Greenleaf State Park is one of Oklahoma's original seven parks and one of its most scenic and family-oriented. The park includes Lake Greenleaf as well as cabins, campgrounds, family recreation facilities and nature hiking trails.

==Greenleaf Lake==
According to Caneday et al., the normal elevation of Greenleaf Lake is 510 feet above sealevel, and the surface area is 920 acres. The capacity is rated at 14720 acre.ft. The shoreline is 14 miles.

==Park Accommodations==
===Cabins===
The lake cabins and other facilities at Greenleaf State Park were built in the 1930s by the CCC, WPA and German prisoners-of-war (POWs). The original buildings were built with native stone. Originally, the park had 14 one-bedroom cabins approximately 350 sqft in size that included bathrooms, kitchens, heating and air-conditioning, dishes, linens, and satellite TV. Some cabins included a fireplace.

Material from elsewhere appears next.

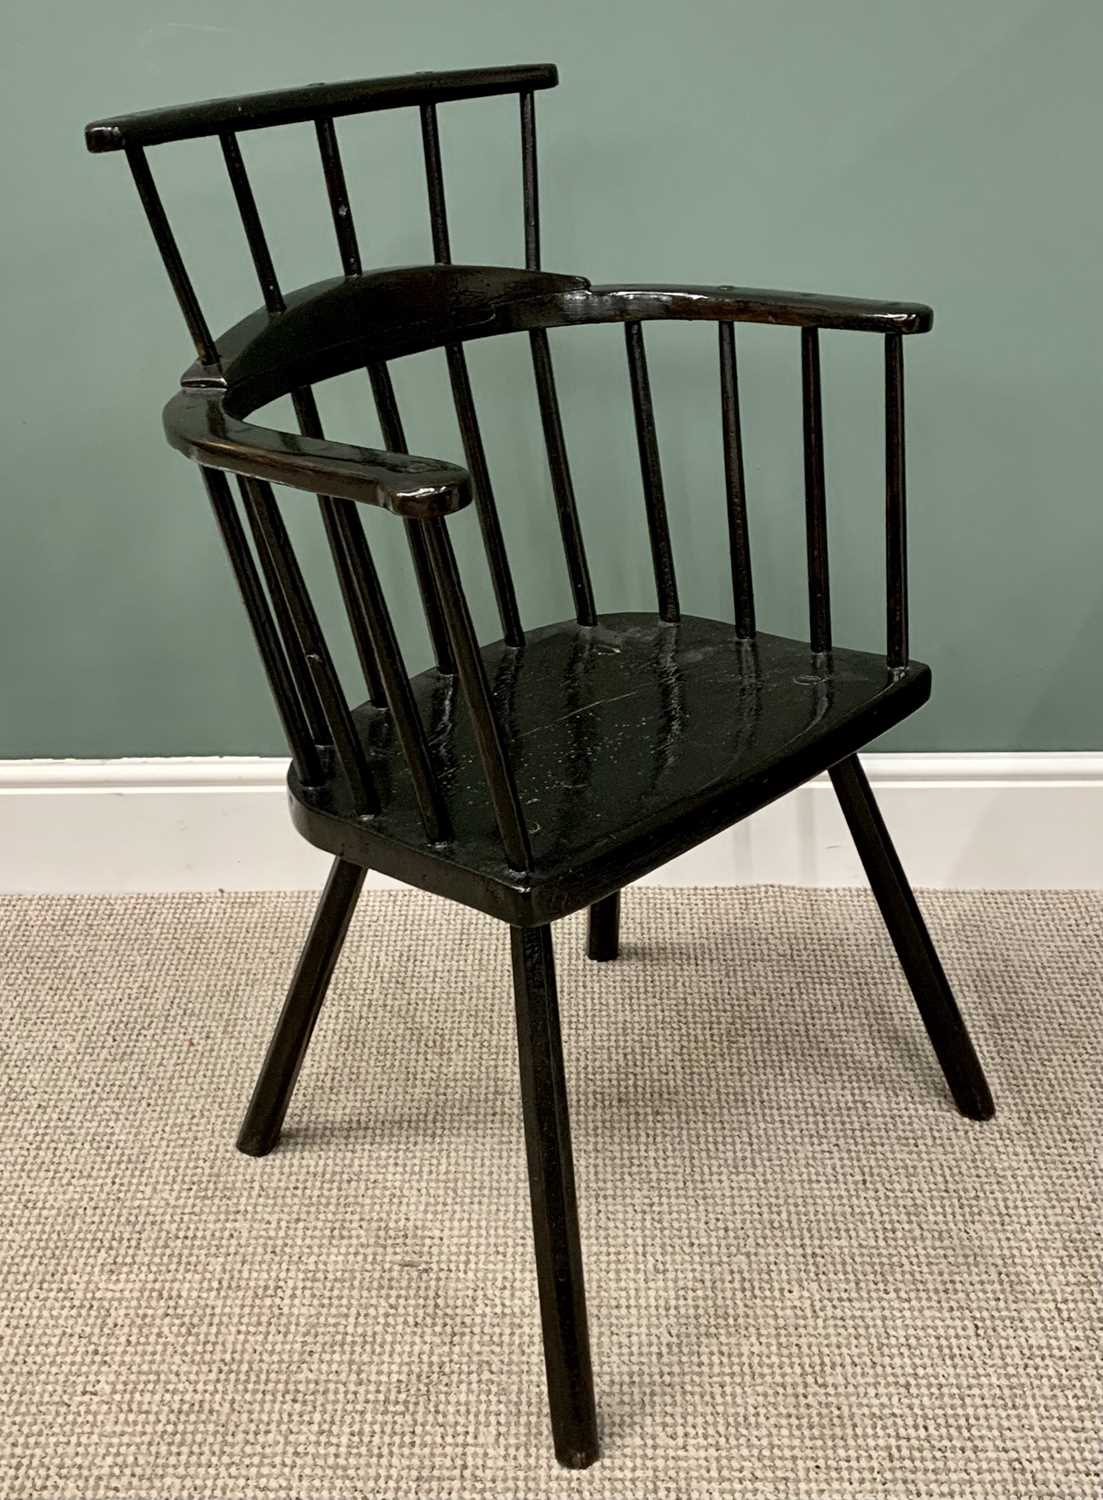 PAINTED PRIMITIVE ASH & ELM STICK-BACK CHAIR, believed Welsh, circa 1800 and possibly later, 94cms - Image 2 of 3

Added in 1994, Cabin 15, or "Cabin on the Lake" was designed to meet the challenges of campers with physical disabilities. Donated by Telephone Pioneers of America, a national organization of active and retired Southwestern Bell employees, the $90,000 campsite was, at that time, one of three handicap accessible cabins in the nation.

===Campground===
The park features recreational vehicle (RV) campgrounds, with a total of 158 campsites, classified as "Full Modern (21), Semi-modern (79) and Primitive tent sites. The principal differences are that 8 Modern sites have 50-amp electric service hookups and 13 Modern sites have 20-amp hookups. Semi-modern sites include 17 50-amp hookups and 62 30-amp hookups. The Primitive tent campsites have no electric or water hookups. All of these sites share use of a community building, pavilion, enclosed shelter, outdoor shelter, seasonal fast food grill, 18-hole miniature golf course and laundry center. Guests will also enjoy the splash pad, mini golf course, swim beach, heated fishing dock, amphitheater, nature center, playgrounds, hiking trails, horseshoes, volleyball courts and basketball courts.

===Activities===
The park naturalist offers astronomy programs, campfire programs, party barge tours of Greenleaf Lake and hay wagon rides, as well as arts and crafts, storytelling, nature hikes and more. No jet skis or wave runners are allowed on Greenleaf Lake. The kids' pond allows children 16 and under to fish at no charge with no permit required. The park also offers activities such as wildlife viewing, holiday events and boating on Greenleaf Lake.

==Fees==
To help fund a backlog of deferred maintenance and park improvements, the state implemented an entrance fee for this park and 21 others effective June 15, 2020. The fees, charged per vehicle, start at $10 per day for a single-day or $8 for residents with an Oklahoma license plate or Oklahoma tribal plate. Fees are waived for honorably discharged veterans and Oklahoma residents age 62 & older and their spouses. Passes good for three days or a week are also available; annual passes good at all 22 state parks charging fees are offered at a cost of $75 for out-of-state visitors or $60 for Oklahoma residents. The 22 parks are:
- Arrowhead Area at Lake Eufaula State Park
- Beavers Bend State Park
- Boiling Springs State Park
- Cherokee Landing State Park
- Fort Cobb State Park
- Foss State Park
- Honey Creek Area at Grand Lake State Park
- Great Plains State Park
- Great Salt Plains State Park
- Greenleaf State Park
- Keystone State Park
- Lake Eufaula State Park
- Lake Murray State Park
- Lake Texoma State Park
- Lake Thunderbird State Park
- Lake Wister State Park
- Natural Falls State Park
- Osage Hills State Park
- Robbers Cave State Park
- Sequoyah State Park
- Tenkiller State Park
- Twin Bridges Area at Grand Lake State Park

==See also==
- Greenleaf State Park Resource Management Plan. Caneday, Lowell; Liu, Hung Ling (Stella); Wu, I-Chun (Nicky); Tapps, Tyler. Oklahoma State University. June 30, 2014. Accessed November 23, 2019.